For innovation to succeed, you need to learn how to fail. I know that sounds like a paradox, yet failure and innovation are closely connected.

Many companies have a culture that discourages any kind of failure. If you fail at something, that means no more promotions, no more raises and maybe even the end of your time at the company. Which is appropriate if the mistake was the result of gross negligence, but according to Harvard Business School professor Amy C. Edmondson that constitutes very little of the failures inside a company, in general only around 2-5% of the total. The rest are perfectly predictable failures, or even failures that can be harnessed for good.

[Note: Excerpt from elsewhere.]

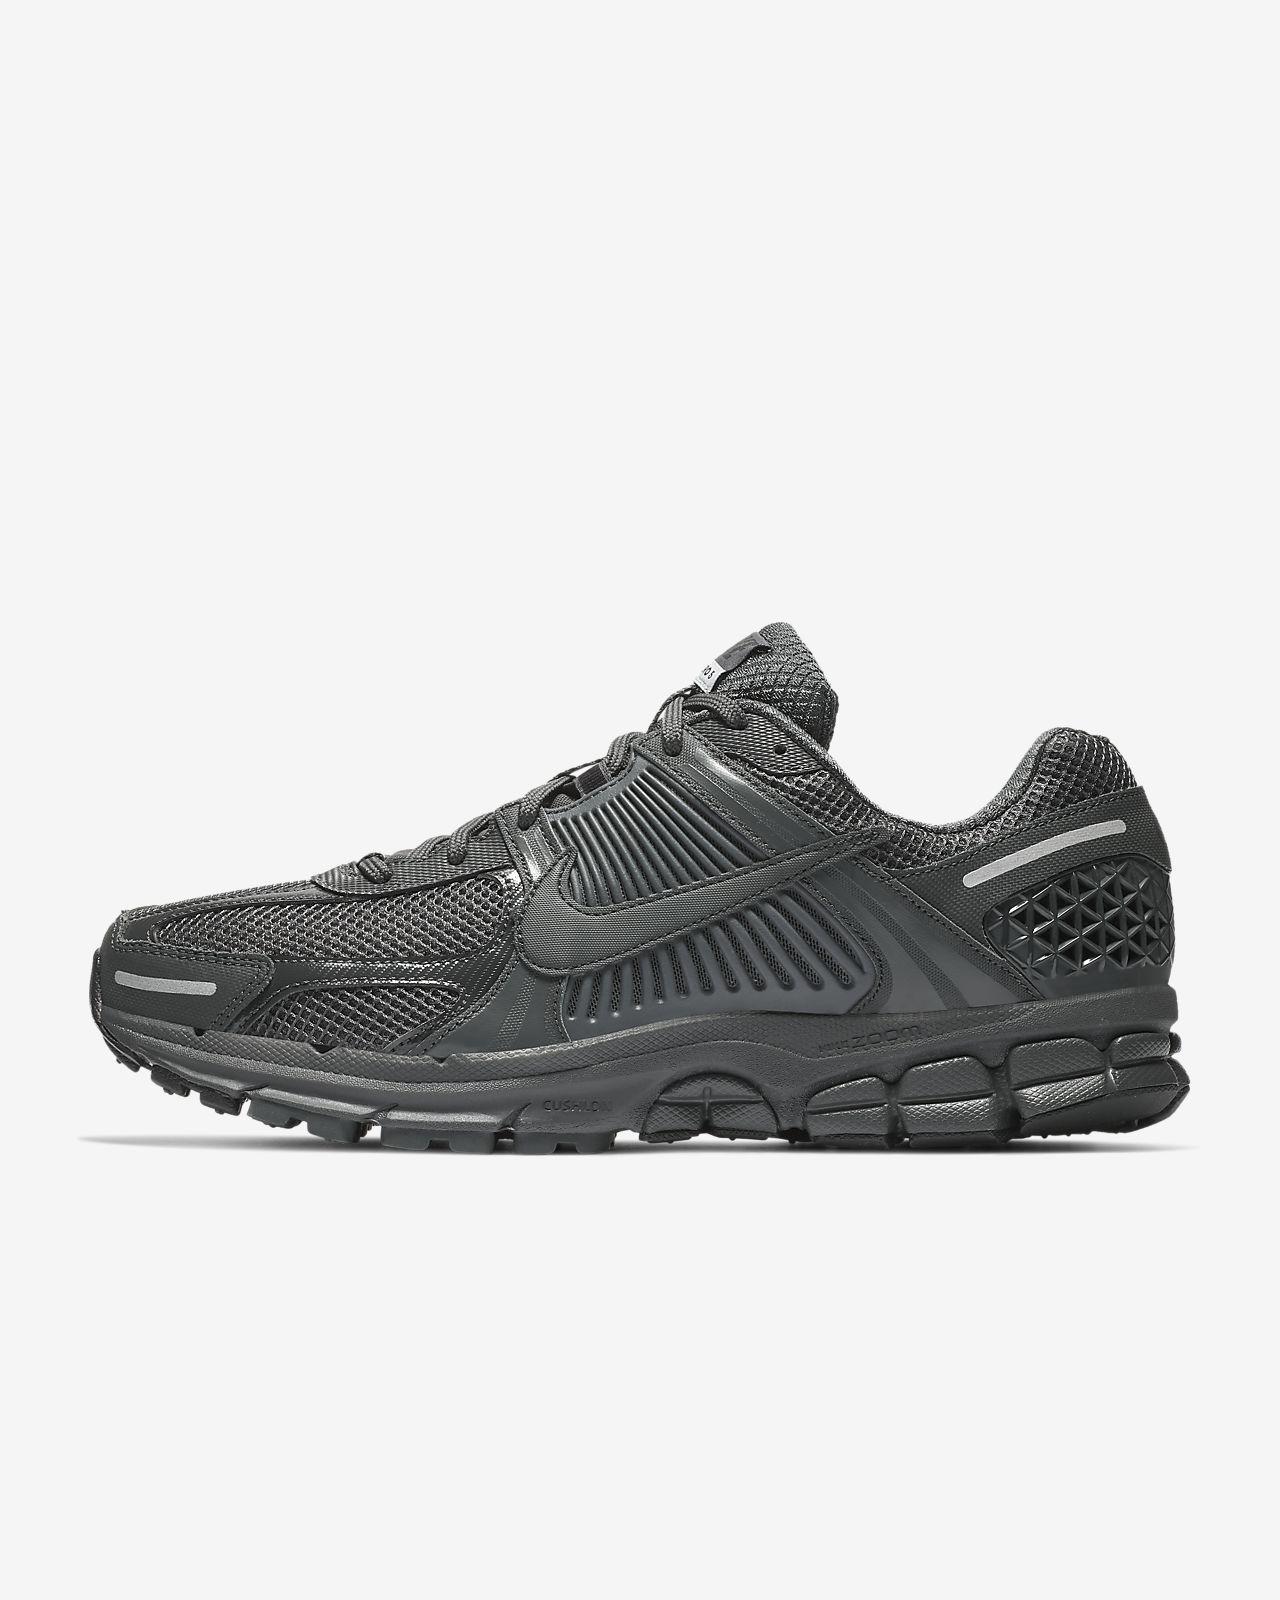 Sko Nike Zoom Vomero 5 SP för män

Failure is key for innovation. For something new to work, a team needs to quickly test different approaches, and see which ones work, and which ones don’t. You need to experiment and communicate openly about what went right and wrong. But if even the smallest failure results in a blame game and lowered bonuses, that becomes impossible. People start to hide their failures, and all the learnings that come with them.

Or as David Kelley, the founder of the legendary design firm IDEO (the company that designed the computer mouse for Apple), once said: “fail often in order to succeed sooner.”

Mistake 2: lack of agility

Agile might be a buzzword in the innovation space, but it’s still key to running a successful corporate innovation program.

You will need interdisciplinary teams that can move fast and adapt accordingly. They need to be able to experiment quickly, to set up little tests, and based on the results quickly change the project and adapt it along the way. When a good fit is found between a new project and what customers need, it can be scaled up throughout the company.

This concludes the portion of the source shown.